The future of our species and others on the planet is made even more precarious unless proof-of-work cryptocurrency changes its climate-busting model.

It will be very difficult to stem the tide of cryptocurrency, given the thrill it seems to give speculative investors and the inroads it has already made into the public consciousness. According to nasdaq.com, nearly 50 million U.S. Americans now own a share of Bitcoin.

Cryptocurrency operations must be required by enforceable laws to use 200% renewables. This means that they use only their own on-site renewable energy sources to power their machines, while simultaneously producing an equal amount of renewable energy for the public power grid. Meanwhile, the U.S. Congress must immediately enact a moratorium on cryptocurrency operations lasting a sufficient time to both (a) study proof-of-work’s impacts on air, water, climate, and the long-term economy and (b) give the industry time to make its operations truly sustainable, if indeed that is possible.

In this, New York activists want to position the state as a national leader. Indeed, the Finger Lakes region is home to Ithaca Hours. The brainchild of the visionary Paul Glover, it was the first modern local currency in the United States. An “ecological economic bartering model,” as Glover termed it, Ithaca Hours is based on the value of an hour of work; every type of work, from lawyer to farmworker, rocket scientist to doula, is equally valued.

Imagine spreading the idea of local currencies nationwide, or a currency based on things that have real–not fictional–value such as water or food.
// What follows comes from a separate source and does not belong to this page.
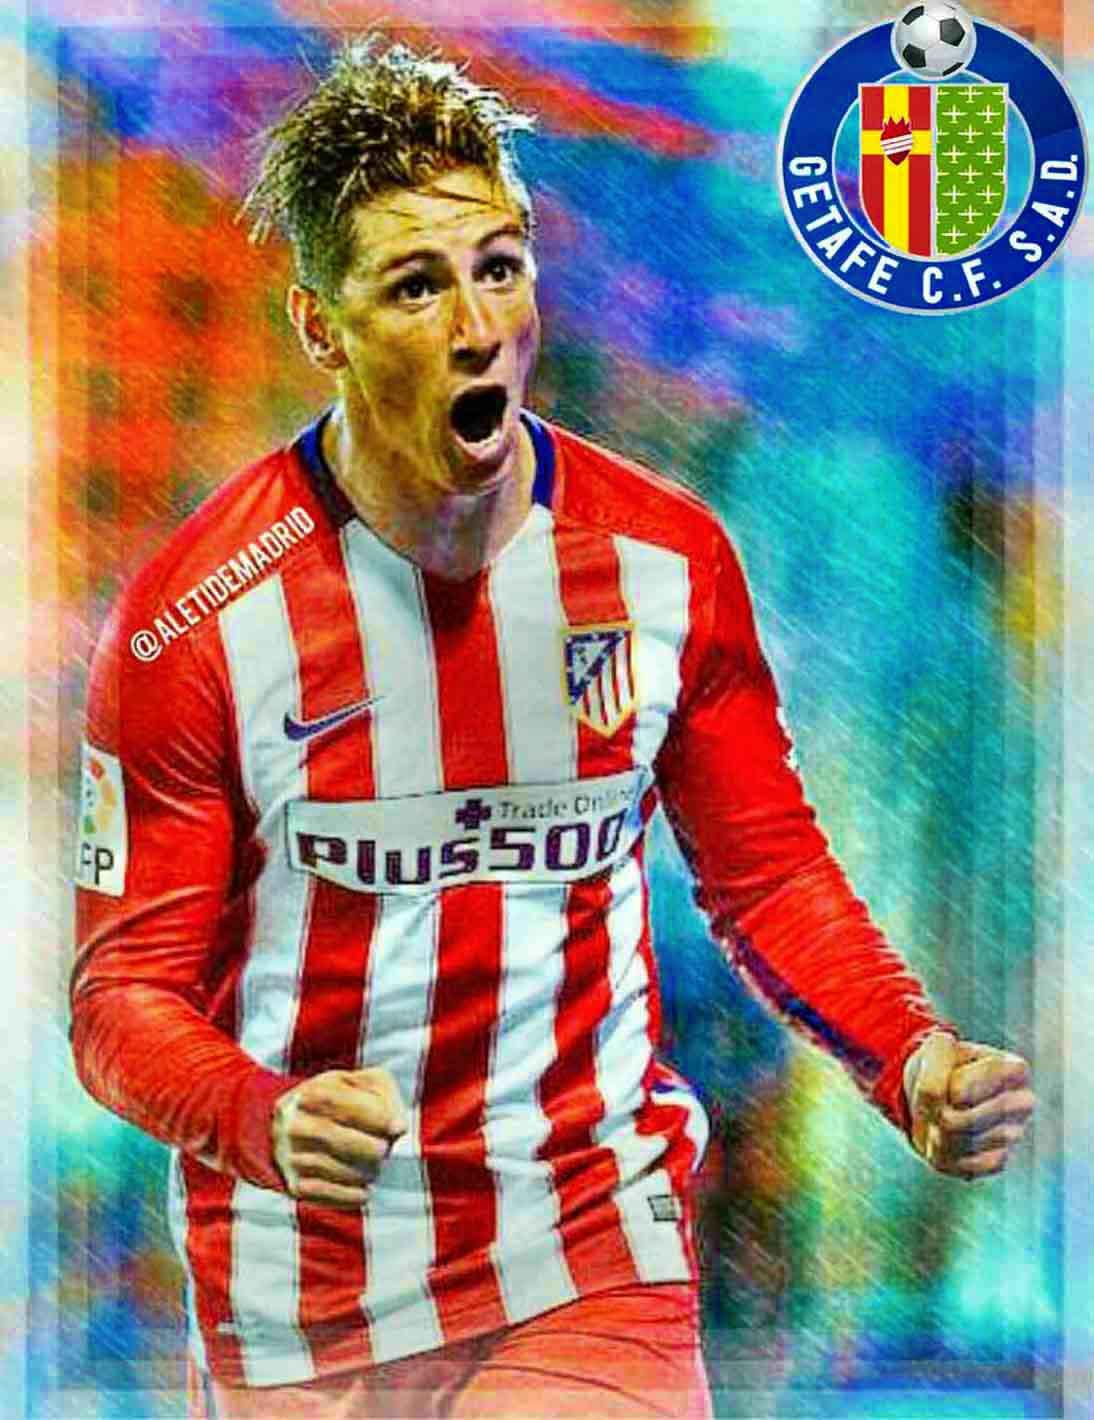 http://s6.picofile.com/file/8213204884/Fernando_Torres_vs_Getafe_By_F9Tfans_ir.jpg
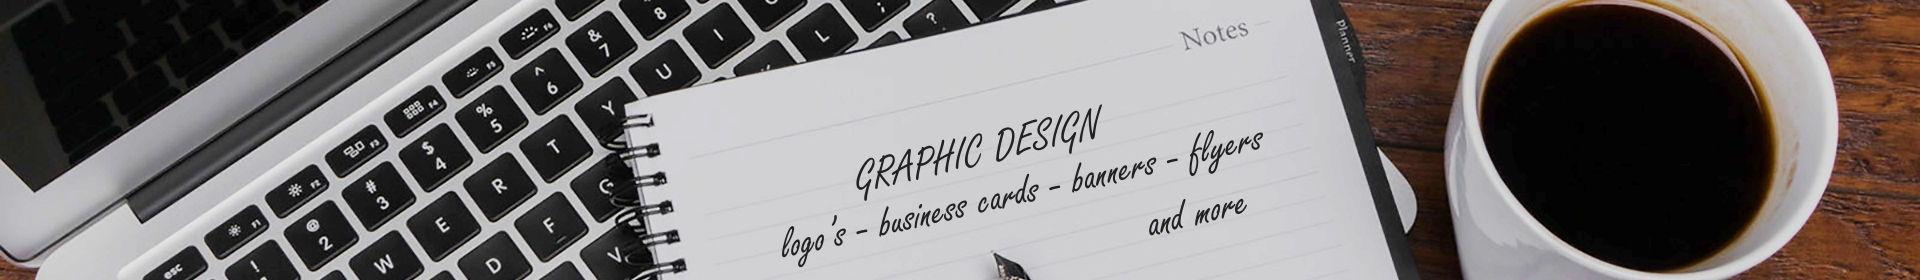 Graphic Design - Graphic Designers - Designing Services

That would be the intelligent way forward, instead of permitting energy-intensive cryptocurrency operations that serve only to further enrich certain already-wealthy investors while spewing a staggering amount of greenhouse gases and intensifying climate chaos.

The United States could position itself as a global leader on this front and take a strong stand against cryptocurrencies. From a capitalist standpoint, that’s not such a bad deal as it props up the modern banking and financial sectors. From a competition standpoint, if China could ban cryptocurrencies outright, why can’t the USA?

And from an ecosocialist perspective, banning mining and using cryptocurrencies stops both this massive emissions source and this insane new capitalist craze, both of which harm everyone in society; no amount of wealth based in paper or gold or fiat will serve to save anyone from the ravages of climate chaos.

Everywhere:

  • Watch for announcements about plans to repurpose retired electrical generating stations in your community.
  • If you are an investor or have a mutual fund or retirement fund, talk to your financial adviser about why cryptocurrency is a bad bet. We still live in a capitalist society, and as long as we do, we need to use our funds, whatever they are, as tools.
  • Do not invest in cryptocurrency.
  • Instead, invest locally! There are all sorts of ways to do so including local cooperatives, credit unions, community-supported farms, artist collectives, funding established local businesses seeking to expand or improve. Some financial analysts, including Michael Shuman, author of Local Dollars, Local Sense and a workshop leader on the subject, have shown that overall, the return on these investments is as good as or better than gambling on the stock market and other capitalist ventures.
  • Don’t be hoodwinked by industry spin claiming that cryptocurrency enables businesses and governments to “reduce their environmental impact” or “catalyze the development of renewable energy.”
  • Talk to your municipal and statewide policymakers about climate impacts from cryptocurrency mining, and then pressure them to make laws outlawing the practice. It’s hard if not impossible to stop it once it begins, but it it’s not allowed in the first place, your community and all of us will be better off.
  • Push federal policymakers to pass, at the very least, the moratorium as noted above, but seriously, with heavy fines and criminal penalties for any corporate executives and board members found guilty of violating it.
  • If China can ban it altogether, why can’t the United States?
  • Spread the word about the dangers of this new threat.